- Born: 20 October 1841 Henrico County, Virginia
- Died: March 26, 1915 (aged 73–74) Rockville, Maryland, USA
- Known for: Society writer, Shakespeare scholar

= Matoaca Gay =

American writer and literary scholar

Matoaca Gay (1841 - 1915) was an American writer and literary scholar. She was born in Henrico County, Virginia to Edward S. Gay, and Catherine Tazewell Gay. Seventh in a direct line from Pocahontas Matoaka Rebecca Rolfe, for whom she was named, Matoaca was the eldest of six children.

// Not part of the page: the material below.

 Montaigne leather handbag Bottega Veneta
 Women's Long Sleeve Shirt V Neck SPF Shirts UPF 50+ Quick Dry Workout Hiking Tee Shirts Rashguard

She moved to Washington, D.C. in 1882, on the advice of her friend Sue Virginia Swearingen, the wife of Supreme Court Justice
Field.

==Society writer==
Matoaca Gay wrote a society column under the name of "Bric-a-Brac".

==Shakespearean scholar==

Matoaca Gay became interested in acting when she lived in Richmond, Virginia. She contacted noted Shakespearean actor Lawrence Barrett, who provided books, advice, and became a life-long friend.

Her long running private Shakespeare study group was made up of Washington society women. Among others:
- Josephine Ward Thomson
- Julia Peete Bate, wife of Senator William B. Bate
- Mary "Polly" Condit-Smith

The gatherings included lectures, group readings of the plays, and guest lectures from some of the leading Shakespearean actors of the time, including Lawrence Barrett and Edwin Booth.

By 1897 she was teaching Shakespeare at the Gunston Institute, a boarding and day school for girls in Washington D. C.

In 1906, she was quoted as saying that she had "taught Shakespeare to everybody in the world except the Pope and the President!"

==Pocahontas Foundation==

Because of her relationship to Pocahontas, Matoaca Gay was made the honorary president of the Pocahontas Memorial Association. This group began collecting money in 1906, to build the Pocahontas Memorial in Jamestown.